TurNuP demonstrates that combining generalizable enzyme sequence embeddings from Transformer models with comprehensive reaction fingerprints enables robust, organism-independent prediction of kcat for wild-type enzymes and natural reactions. Reaction-only and enzyme-only models already capture substantial portions of the variance, indicating that both reaction chemistry and enzyme sequence encode overlapping determinants of catalytic rates. The joint model leverages complementary information and improves robustness, particularly when coverage by either modality is weak. Performance degrades as enzyme similarity to training data decreases and when reactions are dissimilar to training reactions, reflecting true generalization limits; nonetheless, TurNuP maintains useful accuracy even for <40% identity enzymes and for unseen reactions with moderate similarity.
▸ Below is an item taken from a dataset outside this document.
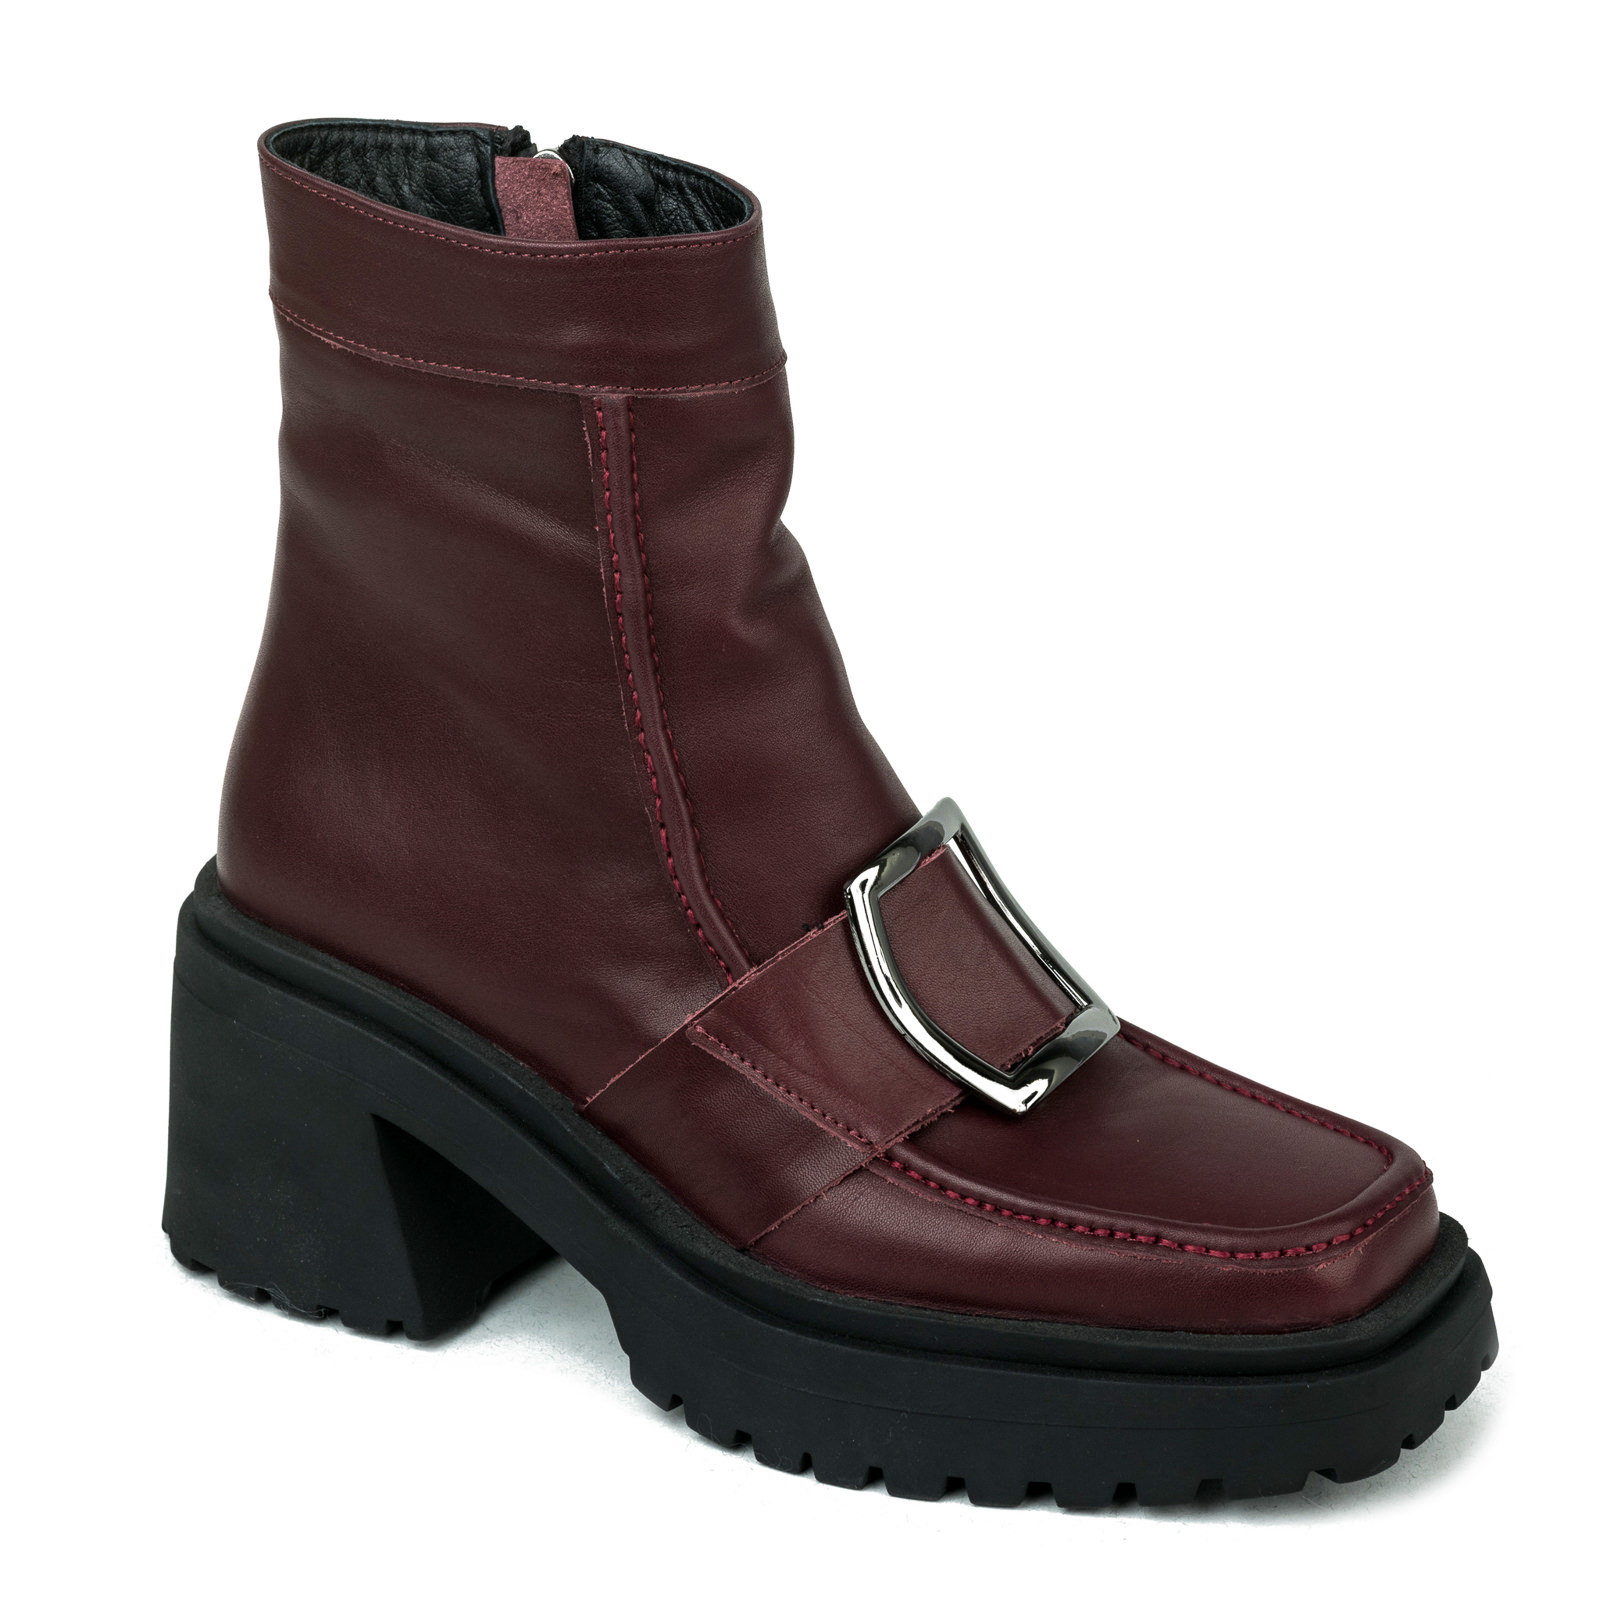 Leather ankle boots B084 - WINE RED

Compared to DLKcat, TurNuP generalizes better across diverse enzymes, likely due to Transformer-based protein representations and full-reaction encoding rather than a single-substrate view. Observed tendencies to overestimate very low kcat and underestimate very high kcat likely arise from regression dilution due to noisy features and targets. The data itself is noisy: independent measurements for the same enzyme–reaction pairs often differ substantially, constraining achievable accuracy. Despite this, TurNuP predictions approaching the typical variability of experimental measurements can already be valuable for guiding experiments and parameterizing genome-scale models, where they improve proteome allocation predictions. Adding estimated Km and model-derived fluxes did not improve performance, suggesting that their predictive signals may already be implicit in the sequence and reaction encodings or that measurement/estimation noise offsets benefits. More accurate, systematically measured condition-specific features (e.g., pH, temperature, metal ions), and larger, cleaner training datasets are likely to further improve predictive power. The web server provides practical access and includes similarity diagnostics to help users gauge prediction reliability.
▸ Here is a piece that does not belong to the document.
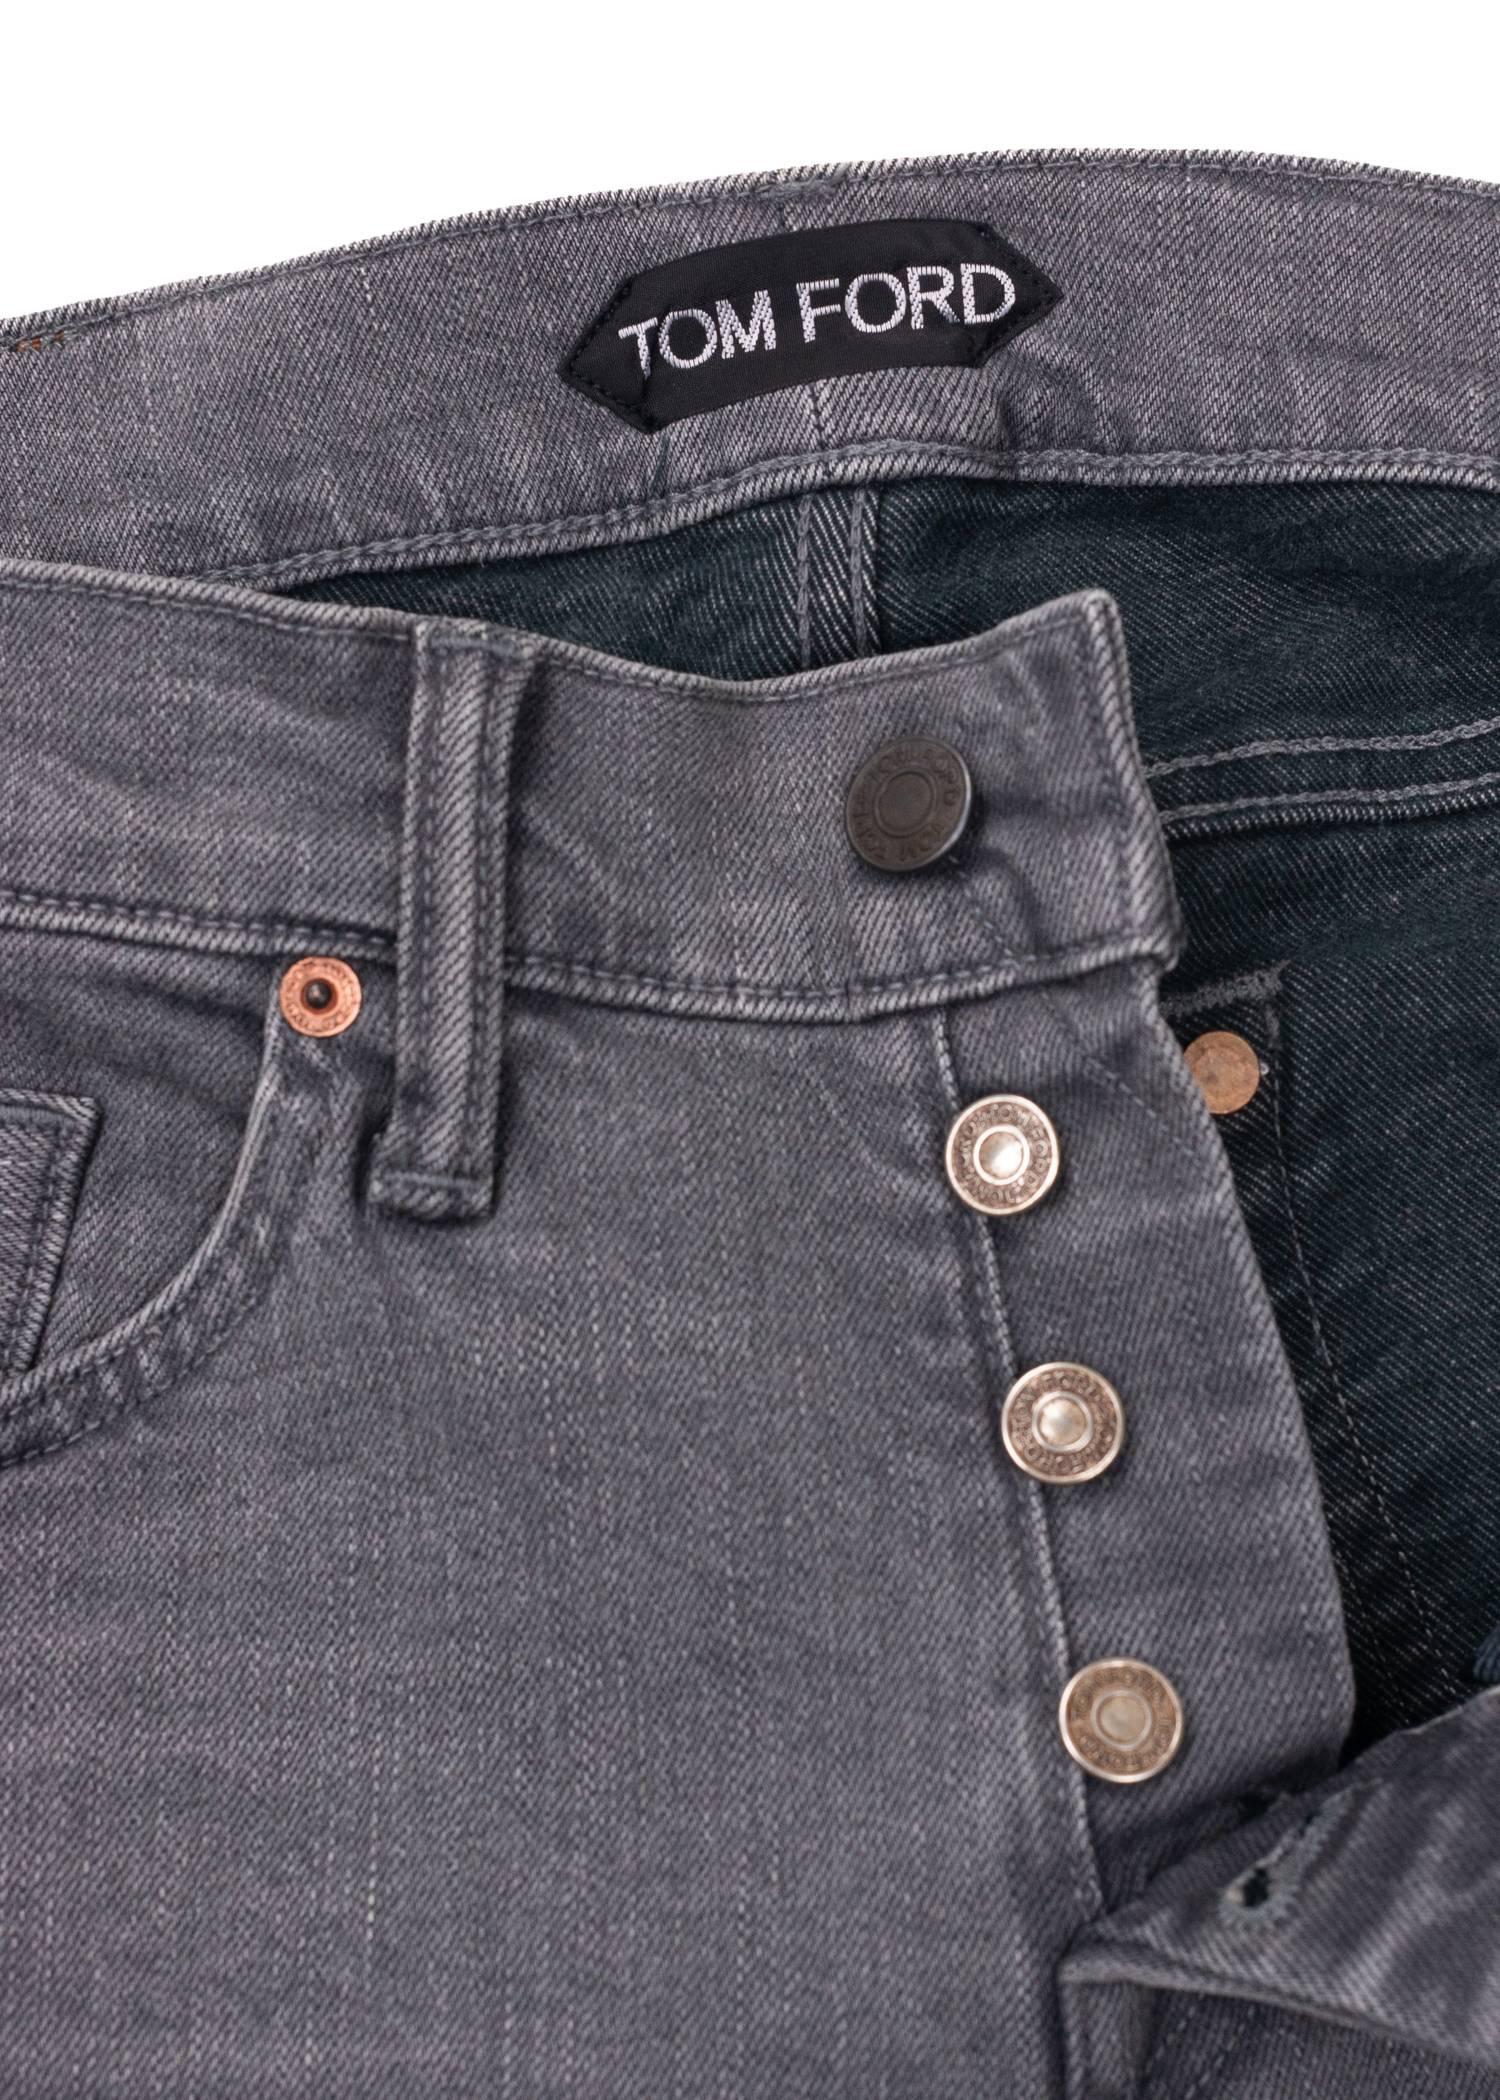 tom ford jeans

TurNuP is an organism-independent kcat predictor that integrates Transformer-derived enzyme sequence embeddings with full-reaction fingerprints to achieve state-of-the-art performance and superior generalization to dissimilar enzymes and unseen reactions. It outperforms prior approaches, including DLKcat, and improves proteome allocation predictions when used to parameterize enzyme-constrained metabolic models. The model and web server enable broad application in enzymology and systems biology. Future work should incorporate larger, higher-quality datasets, condition-specific experimental metadata (e.g., pH/temperature), and potentially multi-task learning with related kinetic parameters (e.g., Km) to further enhance accuracy and interpretability.
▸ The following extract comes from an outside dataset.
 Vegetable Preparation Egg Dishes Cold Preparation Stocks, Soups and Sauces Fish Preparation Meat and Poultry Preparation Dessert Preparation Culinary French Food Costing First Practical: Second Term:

- Data noise and heterogeneity: substantial variability across kcat measurements for identical enzyme–reaction pairs limits achievable accuracy and induces regression dilution effects. - Limited experimental metadata: lack of standardized assay conditions (pH, temperature, ions) in databases prevents explicit conditioning of predictions on experimental context. - Generalization bounds: performance decreases for enzymes with low sequence identity to training data and for reactions with very low similarity to training reactions; predictions for a small subset of entirely dissimilar reactions are weak. - Dataset size and coverage: although broad, the final curated dataset (4,271 points) is modest for high-dimensional models; some enzyme classes (e.g., membrane-associated enzymes) are underrepresented. - Feature interpretability: embeddings and hashed fingerprints make it difficult to attribute importance to specific biochemical properties; additional interpretable features could aid mechanistic insight. - Additional features tested (Km, flux, CAI) provided little to no improvement likely due to noise or redundancy; better quality and condition-specific measurements may help.